Paul Krugman offers Cyprus solution ‘Seize Property and Print Money’
In answer to the “What would you do about Cyprus if you were dictator?” question, Paul Krugman has shared his Nobel-level of economic intelligence with the rest of us, and it comes down to two actions: the Cyprus government should seize as much private property as it can, go off the euro and print its own currency, lots of it. Krugman writes:
…Cyprus should leave the euro. Now.
The reason is straightforward: staying in the euro means an incredibly severe depression, which will last for many years while Cyprus tries to build a new export sector. Leaving the euro, and letting the new currency fall sharply, would greatly accelerate that rebuilding.
He continues:
If you look at Cyprus’s trade profile, you see just how much damage the country is about to sustain. This is a highly open economy with just two major exports, banking services and tourism — and one of them just disappeared. This would lead to a severe slump on its own. On top of that, the troika is demanding major new austerity, even though the country supposedly has rough primary (non-interest) budget balance. I wouldn’t be surprised to see a 20 percent fall in real GDP.
What’s the path forward? Cyprus needs to have a tourist boom, plus a rapid growth of other exports — my guess would be agriculture as a driver, although I don’t know much about it. The obvious way to get there is through a large devaluation; yes, in the end this probably does come down to cheap deals that attract lots of British package tours.
Getting to the same point by cutting nominal wages would take much longer and inflict much more human and economic damage.

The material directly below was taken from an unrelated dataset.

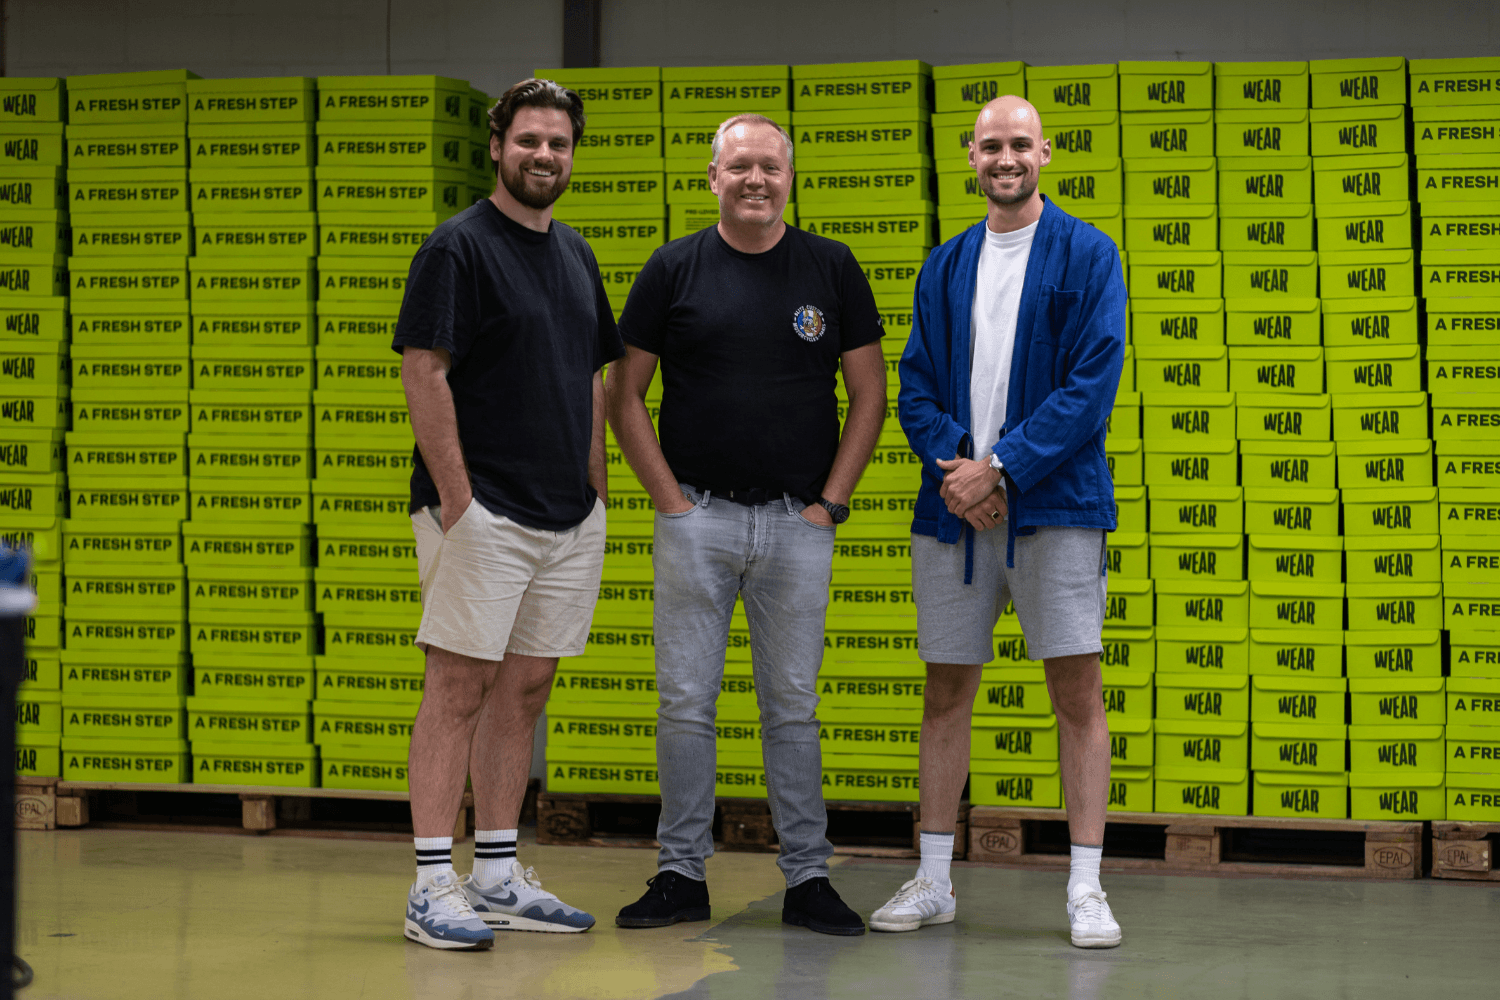 Wear Your Sneakers Ep. 3 met Arthur van der Kroft

Part of Paul Krugman’s advice in the Cyprus crisis: Seize property. donkeyhotey donkeyhotey.wordpress.com
At one point he is correct in that the boom that Cyprus enjoyed by playing the role of bankster is over, kaput. (The biggest offender of banksterism, the government-owned bank Laiki, does seem to contradict Krugman’s belief that government usually is a responsible entity and only private enterprise is reckless.) But the party is over, truly over, although Krugman seems to want us to believe that Cyprus can avoid consequences by engaging in yet more financial tricks and that a Cyprus with its own government-issued scrip will be just fine.
By the way, Krugman (as a true Keynesian) believes that no one will notice that by getting out of the euro and printing its own money (and converting the deposits in its banks into Cyprus-scrip) that Cyprus has gone bankrupt. In reality, everyone there still will be getting a major head-shaving. We are talking about a currency that would be as popular in world markets as the Zimbabwe dollar at the height of that country’s hyperinflation. Imports would fall to near-zero, to be paid only by the euros and other currencies in the seized bank accounts.
In other words, we are not looking for a happy ending. On one side, Cyprus and its people could face the truth, take the up-front medicine, and then try to create a real economy producing things people actually might want to purchase. On the Krugman side, Cyprus goes on with its “let’s pretend” game of slashing real wages through inflation and continuing the Big Lie that the only problem there is a currency problem.
My sense is that Krugman’s easy solution might be less attractive than what he might predict. First, given the proclivity of the government there to seize the property of others, I doubt seriously that the government would offer a true market exchange rate when those hordes of British tourists invade Cyprus looking for the Good Deal. Instead, we will see the infamous Third World “dirty rates” that are notorious elsewhere.
Second, people who are the victims of outright theft — and that is what Krugman has been advocating — are not going to take their situations lightly. Tourists are not going to want to come to a place where mobs are pillaging and burning — and robbing tourists. (Well, completing the robbery process that would start when the government cheated on the exchange rates.)
The best way to avoid a crisis is not to create one in the first place. Booms created through monetary tricks and inflation have a way of blowing up, and starting a second boom to replace the first is not as easy as Krugman thinks it is.
Robert Murphy notes that Krugman’s “solution” is to “ignite a boom” in place of the boom that has crashed. Of course, Krugman does not come clean and tell us what will happen when that boom inevitably crashes. No doubt, his “solution” is to create yet another boom, but in reality, financial trickery has a way of being exposed and at some point, not only is the party over, but people who have been fed a diet of inflation become so addicted to it that they cannot and will not do what is necessary to fix their economies.
In the end, Keynesianism is not about long-term solutions. It is about monetary manipulation in hopes that something — Anything! — can hide the fact that inflation is destroying the economic fundamentals. But to the homogeneous-factors Keynesians, there are no fundamentals, just the printing press and government, lots of government. Krugman’s Inflation Fairy turns out to be a wicked witch after all.
William L. Anderson is an author and an associate professor of economics at Frostburg State University in Maryland. He is also an adjunct scholar with the Mackinac Center for Public Policy as well as for the Ludwig von Mises Institute in Alabama.